ACTIVITY: Whatever pictures appear, omit them, and repeat the data below exactly.

DATA SHOWN:
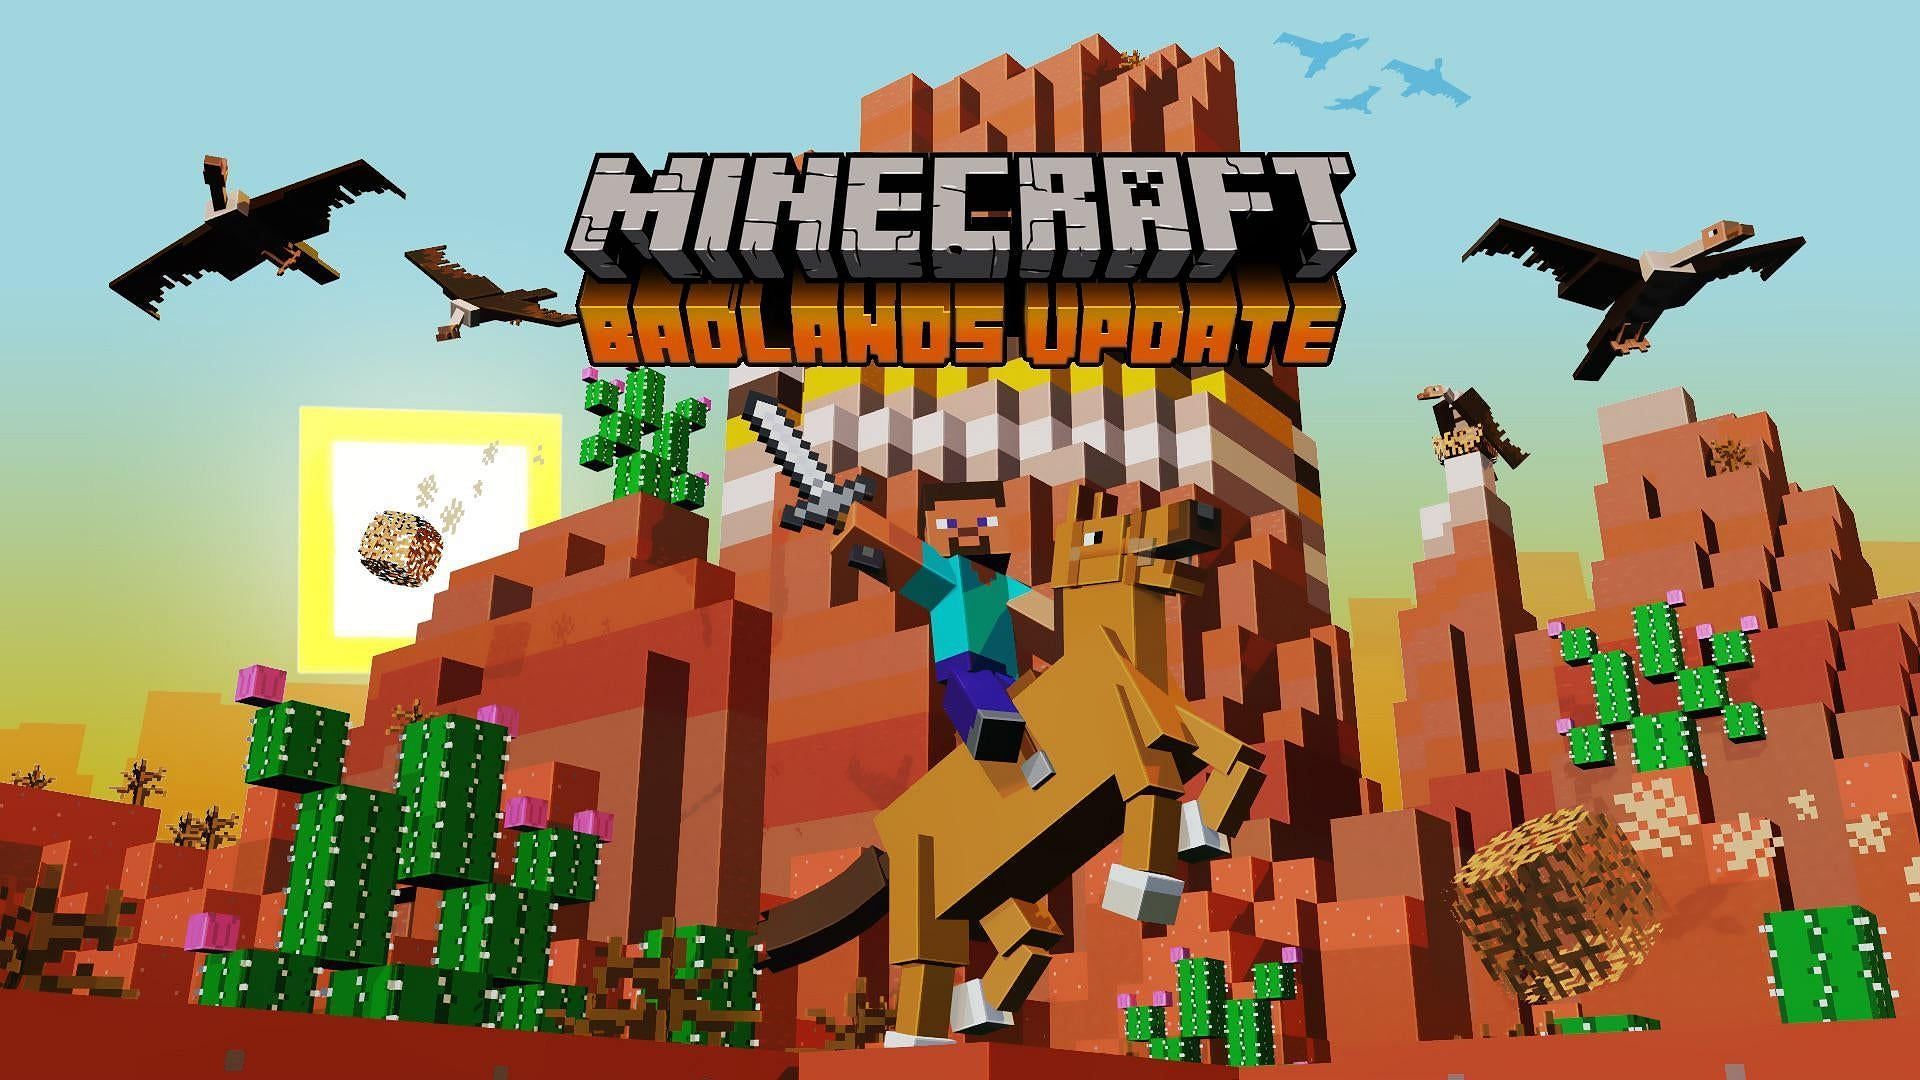 Minecraft Badlands update - Minecraft fan update (Image via Reddit u/Persnickety_Playz)
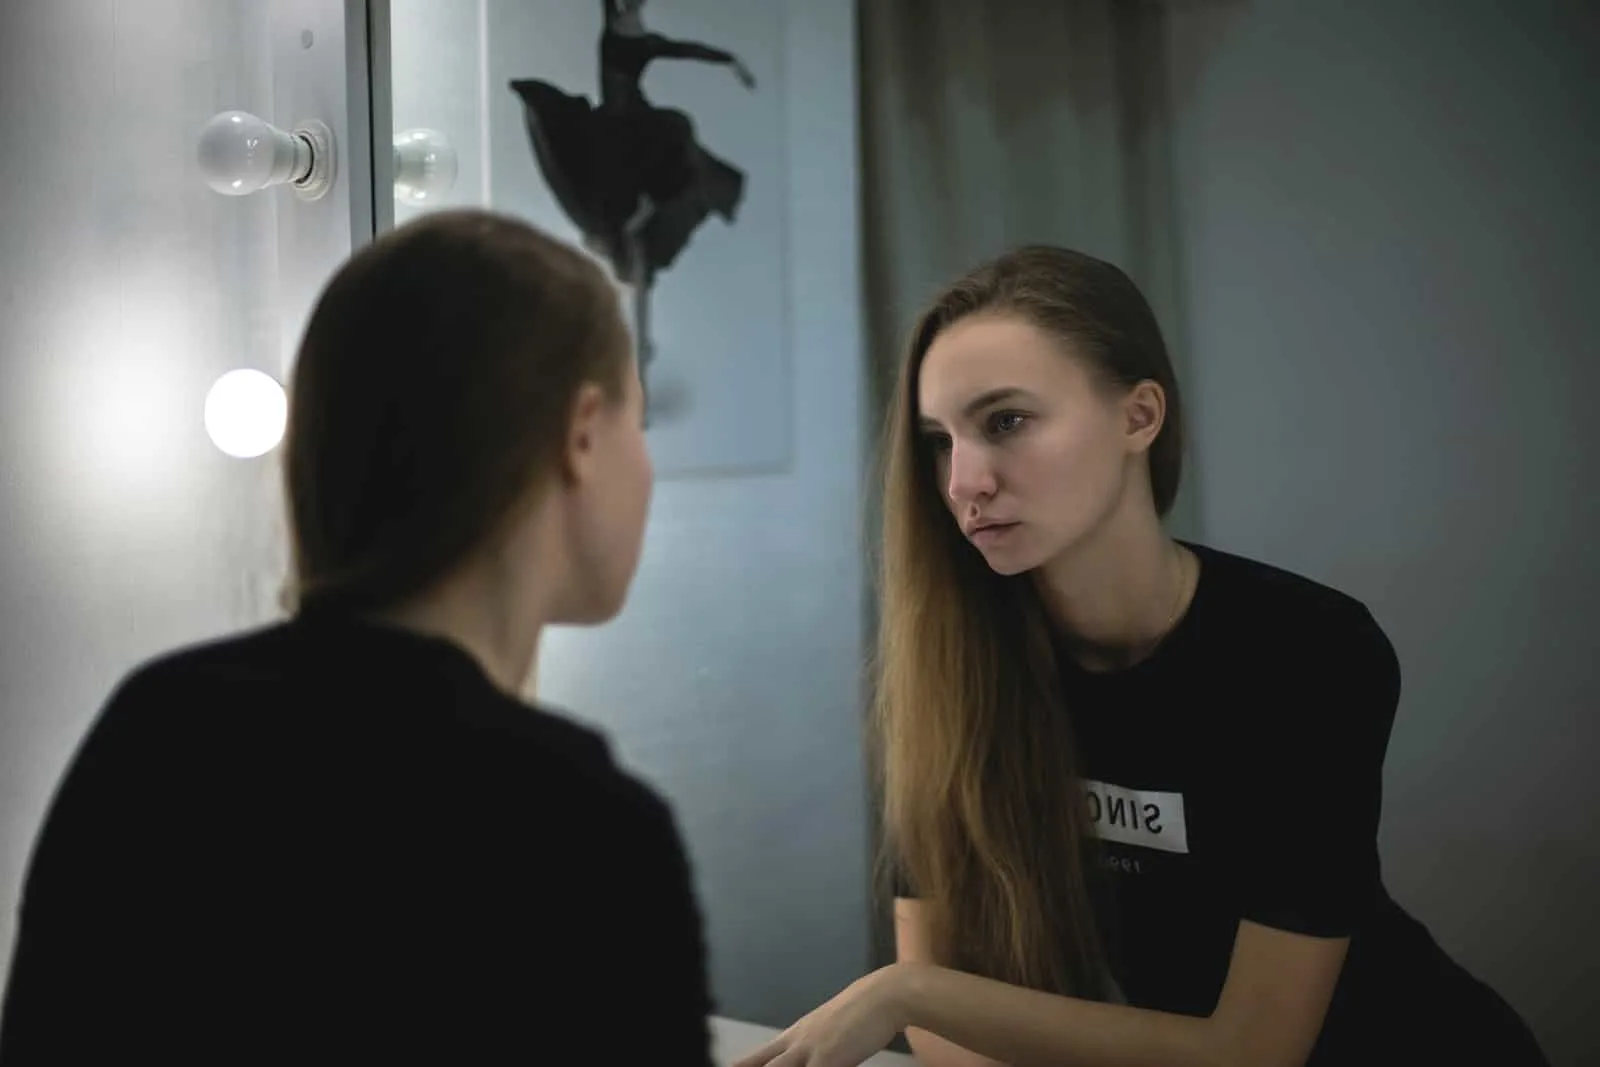 eine traurige Frau in einem schwarzen T-Shirt, die sich in den Spiegel schaut
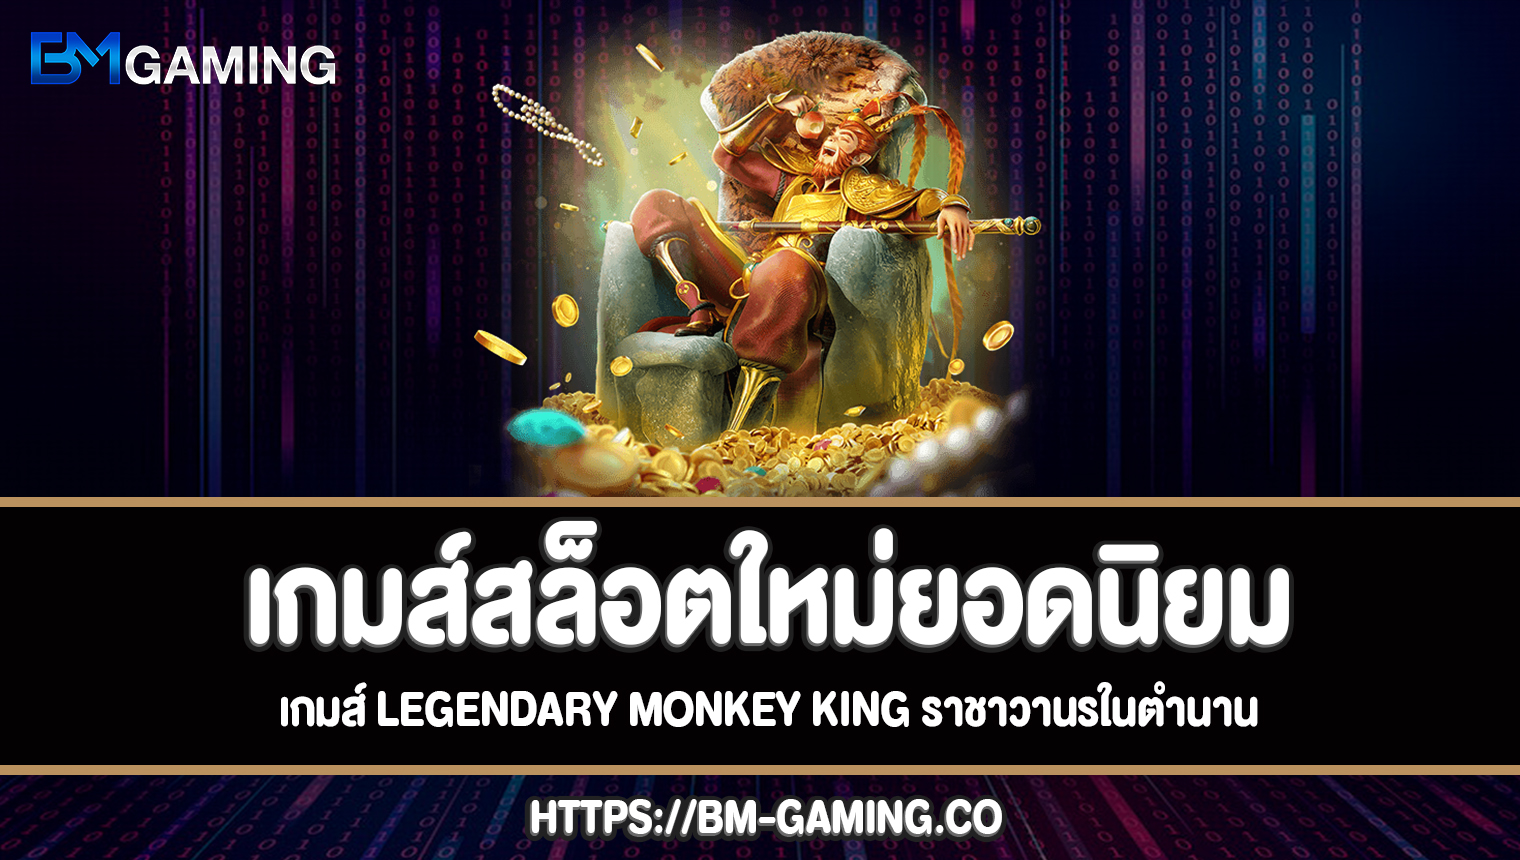 เกมส์ Legendary Monkey King ราชาวานรในตำนานทดลองเล่นฟรี
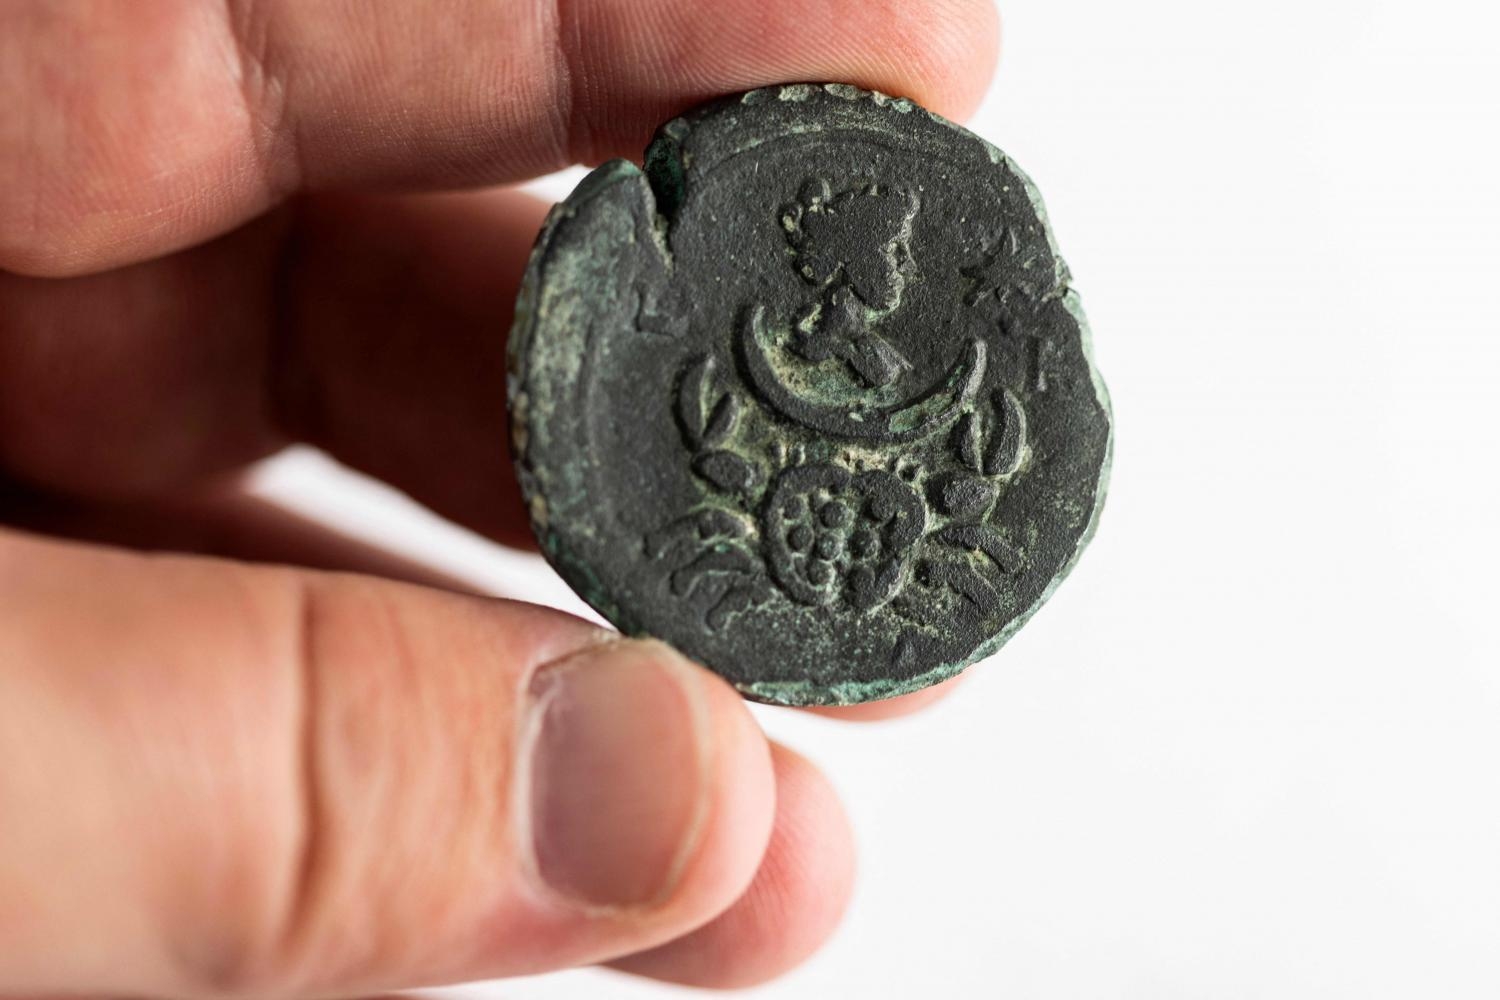 ฮือฮา! อิสราเอลค้นพบเหรียญโบราณ 'รูปเทพีแห่งดวงจันทร์' ยุคจักรวรรดิ์โรมัน อายุ 1,850 ปี

EXERCISE OUTPUT:
 Minecraft Badlands update - Minecraft fan update (Image via Reddit u/Persnickety_Playz)
 eine traurige Frau in einem schwarzen T-Shirt, die sich in den Spiegel schaut
 เกมส์ Legendary Monkey King ราชาวานรในตำนานทดลองเล่นฟรี
 ฮือฮา! อิสราเอลค้นพบเหรียญโบราณ 'รูปเทพีแห่งดวงจันทร์' ยุคจักรวรรดิ์โรมัน อายุ 1,850 ปี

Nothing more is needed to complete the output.